Retrieved components are shown to programmers by the Presenter agent in the RCI-display in decreasing order of similarity value.


7.4.1 Layered Information Presentation

Information about components is presented to programmers in different layers of abstraction due to the following two considerations. First, because the RCI-display has only a limited size (otherwise, it would take up too much working space of programmers), presented information should be condensed to accommodate as many components as possible for programmers to choose. Second, the evaluation of the usefulness of information by programmers consists of two stages: information discernment, whereby they grossly determine whether the component is relevant, and detailed evaluation, whereby they study the component thoroughly (see Section 3.4.3). Therefore, information shown in the RCI-display should contain the essential information on components only, and more detailed information should be displayed to programmers when they show interest in a particular component [Ye, 2001b].

The CodeBroker system presents information on components to programmers in three layers. The first layer is the RCI-display in which each component is accompanied with its rank of similarity, its similarity value, its name, and a short description (Figures 7.2 and 7.3). The presentation of the second layer of information is triggered by the mouse movements of programmers. Component names and short descriptions in the RCI-display are mouse-sensitive. When the mouse cursor is moved over the component name, the signature of the component is shown in the mini-buffer (see the last lines in Figures 7.2 and 7.3); and when the mouse cursor is over the short description, terms contributing to the concept similarity between the component and the concept query are shown in the mini-buffer (Figure 7.4) to reveal why this component is retrieved and to help programmers refine their queries if necessary. The third layer of information, the most complete description of a component, is shown in an external HTML browser, such as Netscape Navigator. When the programmer left-clicks on the component, the full Javadoc documentation for the component is displayed in the browser. The HTML tag extracted at the time of indexing is used so that the browser can display the exact place of the component description.

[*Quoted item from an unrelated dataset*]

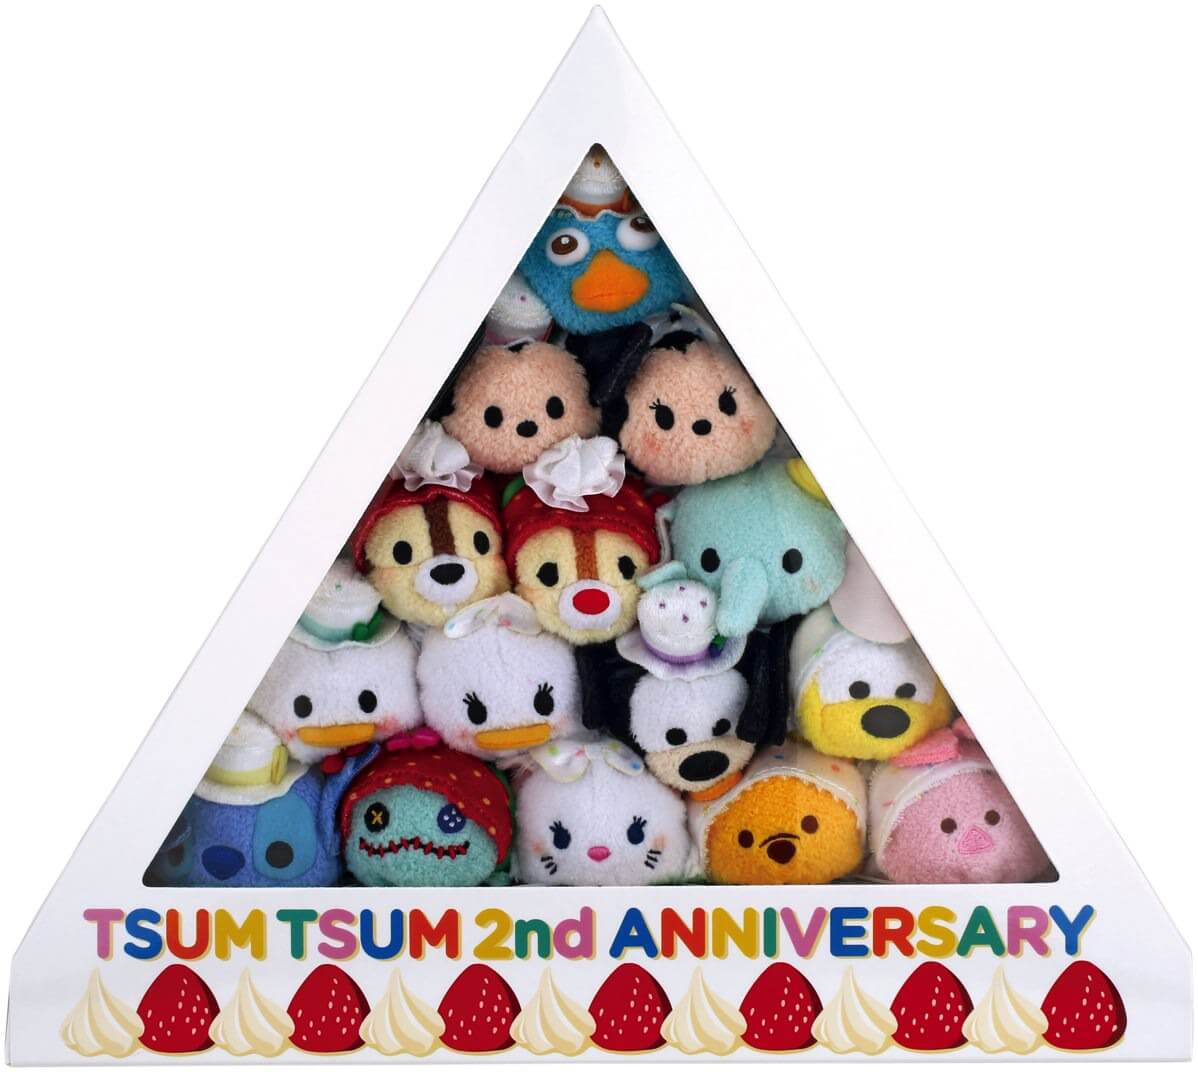 発売2周年アニバーサリーケーキBOX TSUM TSUM&アルタ限定ツムツム

Figure 7.4: Presenting more information triggered by mouse movement

\includegraphics[width=.8\linewidth]{figs/mouseSensitiveKeywords.eps} $\textstyle \parbox{.8\linewidth}{\small{The mini-buffer shows the keywords (ter...
...ity between the first component
and the reuse query, which is not shown here.}}$

7.4.2 Larger Context-Sensitive Presentation

The task model, created by the Listener agent from doc comments and signatures, describes the immediate programming task, namely, the module that the programmer is going to develop. However, programmers often do not give a complete description about their tasks in doc comments. Furthermore, a module is only a part of the whole development task, and the functionality of this module is deeply connected with other modules that have been developed so far. As mentioned in Section 5.2.3, if the component repository system knows what the whole development task is and the larger context under which the current module development is conducted, it can provide more appropriate information on reusable components.

CodeBroker captures this larger context in a discourse model (Section 5.2.3) that represents the previous interactions between the programmer and the system in one development session. The discourse model is used by Presenter as a filter to remove components in which the programmer is not interested in the current development session, although they are retrieved by Fetcher based on incomplete task models.

Java component repositories are organized hierarchically according to packages and classes, and packages and classes are often designed for particular application domains. For most programming tasks, only a part of the repository is involved. CodeBroker uses negative discourse models to capture what part of the repository is not of interest to programmers because discourse models are incrementally evolved by programmers during their interactions with the CodeBroker system, and in many cases it takes less effort for programmers to identify apparent irrelevant components. Section 7.5 explains in detail how the discourse model is incrementally augmented by programmers.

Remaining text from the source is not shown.